Currently, most rules are outlined in the Telecommunications Consumer Protections (TCP) Code. Making additions to the code is a slow process, the report claims, and is more suited to managing existing problems than emerging problems.

Also touched upon is considering whether if there is a need for continuing the provision of legacy services to be mandated by regulation, like pre-selection – having different providers for different kinds of call types – unlimited local calls, directory assistance services, operator services, itemised billing and powers for regulating Telstra’s retail prices.

Additionally, the discussion paper mulls over the concept of Telstra providing low income measures, claiming they are “of declining relevance”, but notes affordability issues are separate to the consumer safeguards review.

Industry body Communications Alliance claimed in a statement that it looks forward to engaging with the government on the discussion paper, with CEO John Stanton adding the review “provides an opportunity to modernise and streamline the framework, to benefit consumers, industry and the broader economy”.

“In the past decade, we have seen the real cost of telecommunications for consumers decrease significantly, alongside more flexible service plans and powerful, next-generation devices,” he said.

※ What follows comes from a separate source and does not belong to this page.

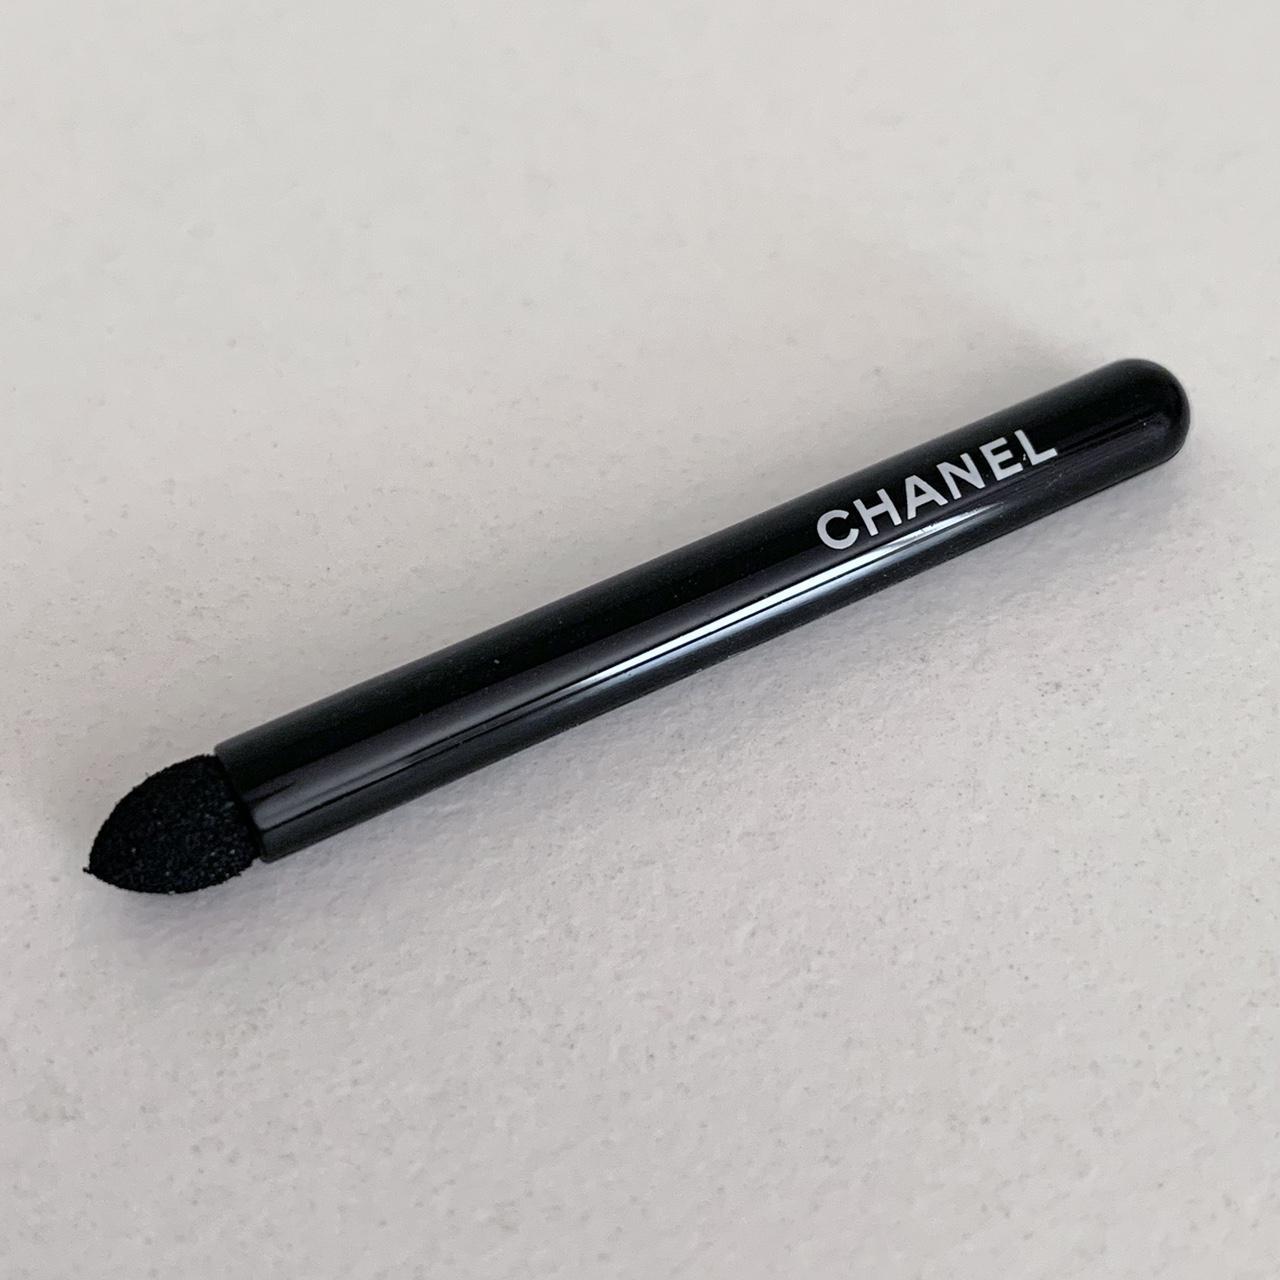 Brand new. Never used. Chanel mini sponge brush. - Depop

“The co-regulatory system in the Australian communications sector – in which government can set objectives, industry and consumer experts can design the detail and regulators can scrutinise the outputs and enforce compliance - has served the nation well.

“We believe that both co-regulation and formal government regulation have their place in a modern consumer safeguards framework – and that improvements can be made to the ways in which both forms of regulation are executed in Australia.”

Interested stakeholders are able to submit their responses for consultation from now until 5PM on 24 August via the Department of Infrastructure, Transport, Regional Development and Communications’ website, by email email or by postal mail.

The review for part C is the third consultation for the review, which has spanned over two years. 

The consultation for part A , which focused on complaints handling, occurred in July 2018, and part B’s consultation, looking at the reliability of modern communication services, happened over a year later in December 2019.